RECORDS PROVIDED:
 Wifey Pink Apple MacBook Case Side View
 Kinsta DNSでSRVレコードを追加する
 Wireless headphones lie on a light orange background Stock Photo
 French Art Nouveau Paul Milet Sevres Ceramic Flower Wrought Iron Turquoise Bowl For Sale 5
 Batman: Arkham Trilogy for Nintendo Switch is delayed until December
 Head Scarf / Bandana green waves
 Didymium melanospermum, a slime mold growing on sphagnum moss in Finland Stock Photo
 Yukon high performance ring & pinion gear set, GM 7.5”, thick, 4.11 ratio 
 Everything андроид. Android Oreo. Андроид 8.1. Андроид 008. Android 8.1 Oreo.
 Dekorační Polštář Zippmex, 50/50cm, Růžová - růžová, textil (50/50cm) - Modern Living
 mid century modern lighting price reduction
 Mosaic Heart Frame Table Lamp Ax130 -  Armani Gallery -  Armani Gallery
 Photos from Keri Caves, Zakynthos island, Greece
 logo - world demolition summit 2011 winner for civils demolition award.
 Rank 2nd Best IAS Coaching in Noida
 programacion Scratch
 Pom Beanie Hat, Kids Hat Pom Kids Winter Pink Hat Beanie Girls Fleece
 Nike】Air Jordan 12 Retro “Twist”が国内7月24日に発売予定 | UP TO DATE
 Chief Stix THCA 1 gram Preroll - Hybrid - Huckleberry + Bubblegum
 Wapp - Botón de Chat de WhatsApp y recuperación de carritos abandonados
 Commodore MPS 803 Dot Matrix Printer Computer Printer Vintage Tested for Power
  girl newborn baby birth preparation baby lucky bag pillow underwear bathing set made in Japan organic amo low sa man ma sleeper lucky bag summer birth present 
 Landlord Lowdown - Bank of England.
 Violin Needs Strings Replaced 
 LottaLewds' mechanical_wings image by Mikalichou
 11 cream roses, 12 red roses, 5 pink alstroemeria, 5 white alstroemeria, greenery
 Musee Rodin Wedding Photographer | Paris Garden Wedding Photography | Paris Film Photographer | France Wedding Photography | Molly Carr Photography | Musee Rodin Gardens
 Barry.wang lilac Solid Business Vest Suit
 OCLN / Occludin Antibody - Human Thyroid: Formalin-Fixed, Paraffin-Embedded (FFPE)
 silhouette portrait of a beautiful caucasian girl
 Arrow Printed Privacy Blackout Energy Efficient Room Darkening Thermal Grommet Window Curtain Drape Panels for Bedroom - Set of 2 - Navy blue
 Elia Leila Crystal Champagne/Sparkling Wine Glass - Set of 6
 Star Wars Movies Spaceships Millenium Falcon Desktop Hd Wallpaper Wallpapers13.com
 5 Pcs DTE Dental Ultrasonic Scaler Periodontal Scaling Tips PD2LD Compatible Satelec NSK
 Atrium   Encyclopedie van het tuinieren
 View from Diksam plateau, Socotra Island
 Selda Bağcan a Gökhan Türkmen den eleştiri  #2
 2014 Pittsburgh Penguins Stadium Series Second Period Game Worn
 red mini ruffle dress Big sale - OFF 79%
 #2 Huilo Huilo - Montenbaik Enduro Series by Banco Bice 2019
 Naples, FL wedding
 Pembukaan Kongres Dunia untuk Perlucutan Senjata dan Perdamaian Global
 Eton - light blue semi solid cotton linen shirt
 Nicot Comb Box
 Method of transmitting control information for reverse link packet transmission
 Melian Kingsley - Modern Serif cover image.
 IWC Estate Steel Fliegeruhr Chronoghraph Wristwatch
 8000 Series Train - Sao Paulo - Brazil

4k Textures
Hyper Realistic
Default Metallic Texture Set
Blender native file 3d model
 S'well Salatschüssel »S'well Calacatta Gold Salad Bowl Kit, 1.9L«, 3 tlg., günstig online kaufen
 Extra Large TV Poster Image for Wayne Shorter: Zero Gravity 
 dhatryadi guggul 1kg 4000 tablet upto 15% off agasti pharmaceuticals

EXERCISE AIM: Starting at the line above that contains "Elia Leila Crystal", repeat each line exactly up to and including the line that contains "2014 Pittsburgh Penguins", and stop there.

SOLUTION TO THE PROBLEM:
 Elia Leila Crystal Champagne/Sparkling Wine Glass - Set of 6
 Star Wars Movies Spaceships Millenium Falcon Desktop Hd Wallpaper Wallpapers13.com
 5 Pcs DTE Dental Ultrasonic Scaler Periodontal Scaling Tips PD2LD Compatible Satelec NSK
 Atrium   Encyclopedie van het tuinieren
 View from Diksam plateau, Socotra Island
 Selda Bağcan a Gökhan Türkmen den eleştiri  #2
 2014 Pittsburgh Penguins Stadium Series Second Period Game Worn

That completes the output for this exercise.